Material and Methods | |  |
This is a descriptive-analytic study that will be done in a cross-sectional way in 2017. The population of this study is 570 students studying in Shoushtar Medical Sciences Faculty. In this study, 102 students were selected by census method based on informed consent and inclusion criteria. The criteria for inclusion in the study included a willingness to participate in research, nursing and midwifery, and exclusion criteria including (failure to complete the questionnaire, mental and psychological disorder). The data gathering tool in this research was using standard questionnaire of religious attitude of Serajzadeh et al. (1998) and Achilles Berger anxiety questionnaire which consists of two parts. The first part of the demographic information about the students (age, gender, and field of study) and the second part of the questionnaire were related to the level of anxiety and religious attitude.

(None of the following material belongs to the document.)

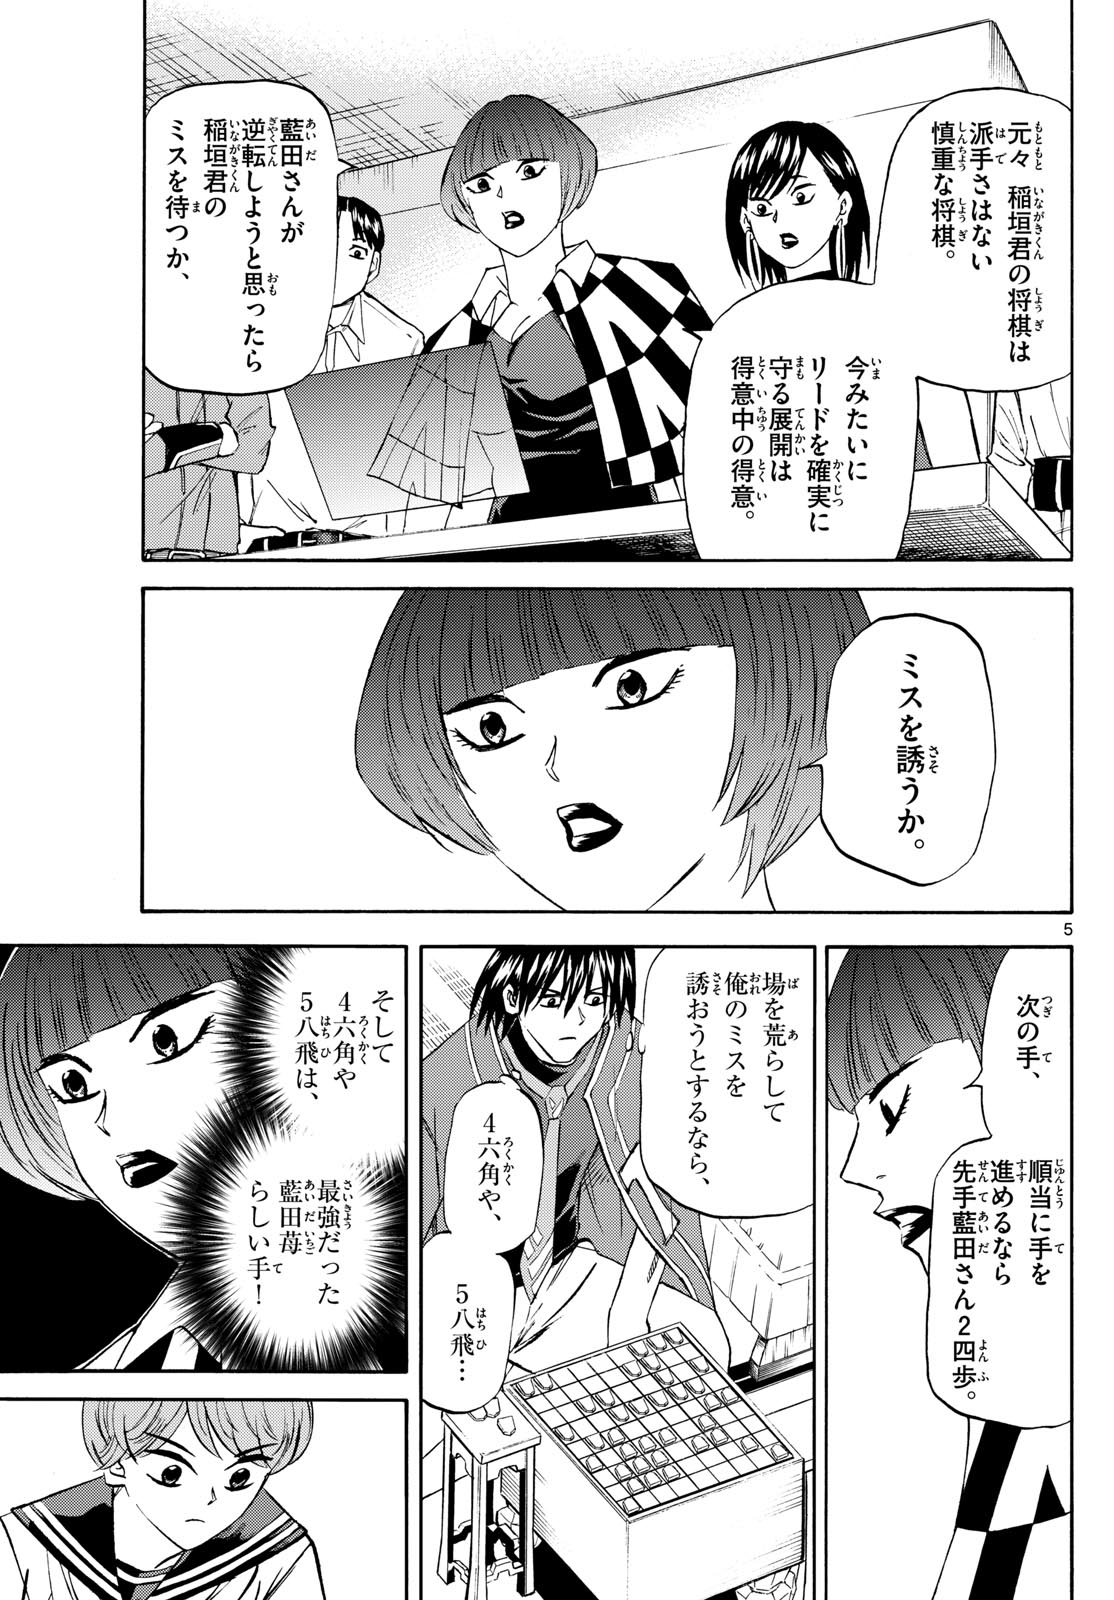 Tatsu to Ichigo - Chapter 198 - Page 5

Religious attitudes assessment questionnaire consists of 26 questions, which are based on the Likert scale of four[4] I totally agree[4] I do not comment[3] I disagree[2] Absolutely disagree,[1] this the instrument of religious attitude measures people in four levels. Then, religious beliefs and religious beliefs that are beliefs about religion should be believed (question one to seven), empirical dimension or religious emotions that affects emotions related to having a bondage relationship, such as God and transcendental endeavor. Ezgard (question eight), the consequence dimension and religious work that deals with the effects of religious beliefs, deeds, experiences, and religious knowledge on everyday life (Question 14–19). The final dimension includes the ritual and experimental dimension that determines the participation in religious practices such as Fasting Prayer and … (the last seven questions). This questionnaire was standardized by Serajzadeh in 1998. The Cronbach's alpha coefficient was 0.92. In 2002, Sharifi reported this questionnaire as satisfactory and desirable (Cronbach's alpha coefficient 0.87). The validity of this questionnaire was in a researcher's study. In the four dimensions, they were between 0.23 and 0.34, which were statistically significant at the level of (P < 0.001).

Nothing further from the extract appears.